Moisture, Water Holding, Drying and Wetting in Forest Soils

Pavel Blažka; Zofia Fischer

doi:10.4236/ojss.2014.45021

Open Journal of Soil Science > Vol.4 No.5, May 2014

Moisture, Water Holding, Drying and Wetting in Forest Soils

Pavel Blažka, Zofia Fischer
Department of Applied Ecology, John Paul II, Catholic University of Lublin, Lublin, Poland.
Faculty of Science, University of South Bohemia, ?eské Budějovice, Czech;Present Address: Ulrychova 23, 162 00 Praha 6, Czech.
DOI: 10.4236/ojss.2014.45021 PDF HTML 5,953 Downloads 8,360 Views Citations

Abstract

Relationship of soil and water is generally considered as important in soil science.

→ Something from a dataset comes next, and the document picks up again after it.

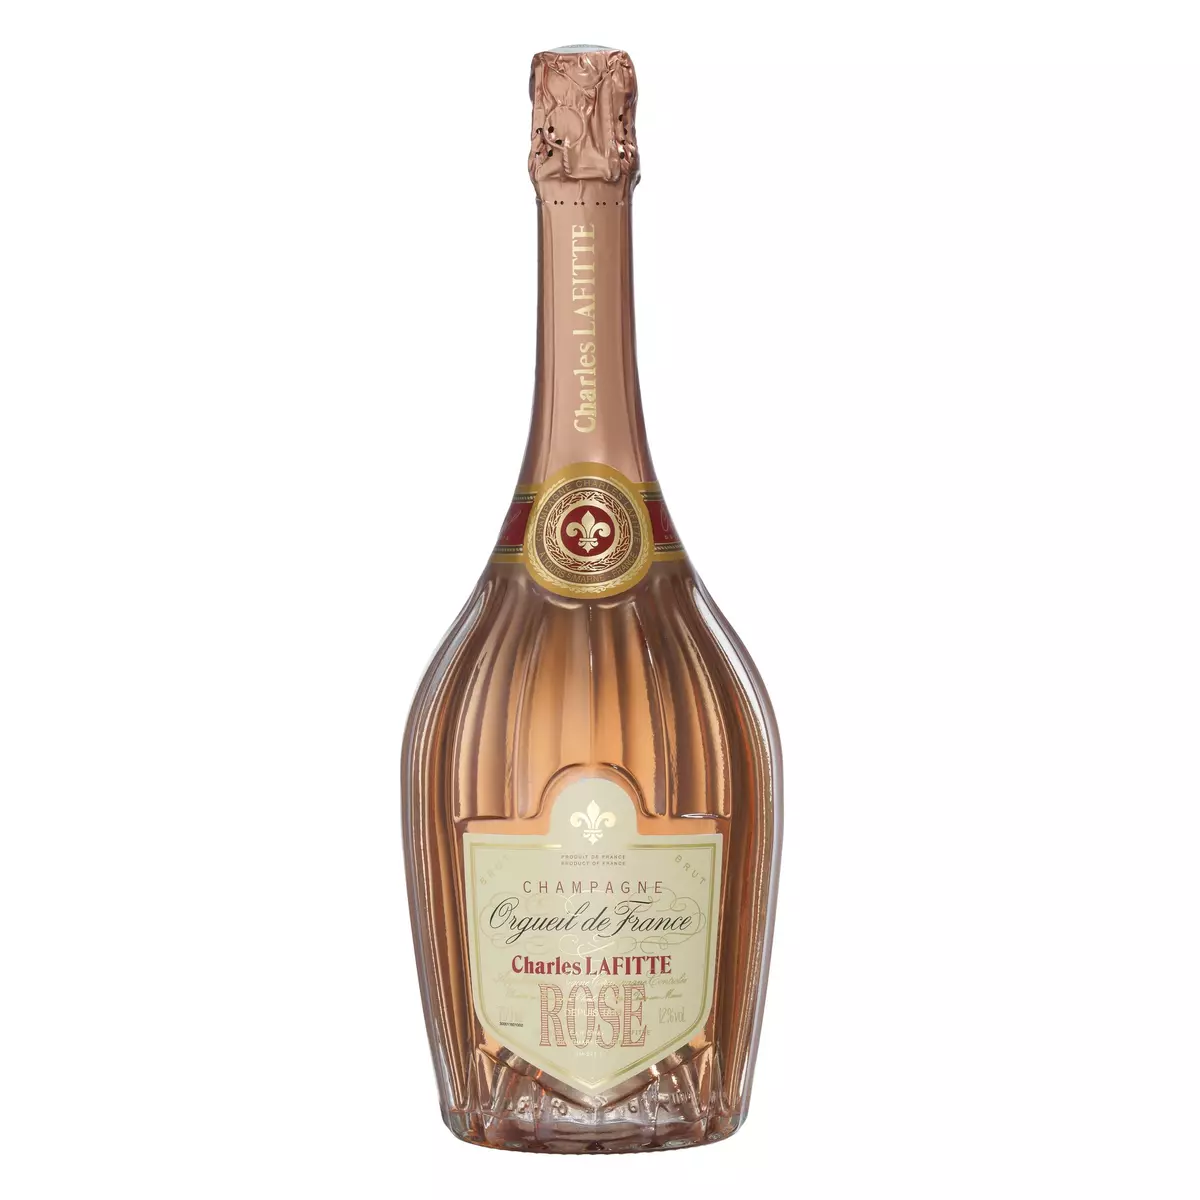 CHARLES LAFITTE AOP Champagne Orgueil de France grande réserve rosé 75cl

To specify it further we studied two different soils in 2012-2013, three additional soils once and made several series of experiments with drying and wetting of the soils. Principal parameters studied were the gravimetric water content (GWC), water holding capacity (WHC), soil organic matter (SOM), their correlations and rates of change in drying or wetting. The three parameters are significantly inter-correlated. Distribution of GWC in the replicates of soils dried both in nature and in experiments was narrower than that in wet soils, while WHC changed less in drying. The correlations (GWC- WHC) became steeper (the slope coefficient higher) and the coefficient of determination (R²) lower. Attempts to increase WHC in wet soils with a high WHC even further were not successful. Drying may be fast or slow; rates of increase of WHC in wetting were all low, both in field and in the experiments, less than 0.1 g (H2O) g^-1 (soil)·day^-1. None of the three parameters can be considered as fixed characteristics of forest soils.

Keywords

Soil-Water Relationships, Climate Change, Water Holding Capacity

Share and Cite:

Blažka, P. and Fischer, Z. (2014) Moisture, Water Holding, Drying and Wetting in Forest Soils. Open Journal of Soil Science, 4, 174-184. doi: 10.4236/ojss.2014.45021.

Conflicts of Interest

The authors declare no conflicts of interest.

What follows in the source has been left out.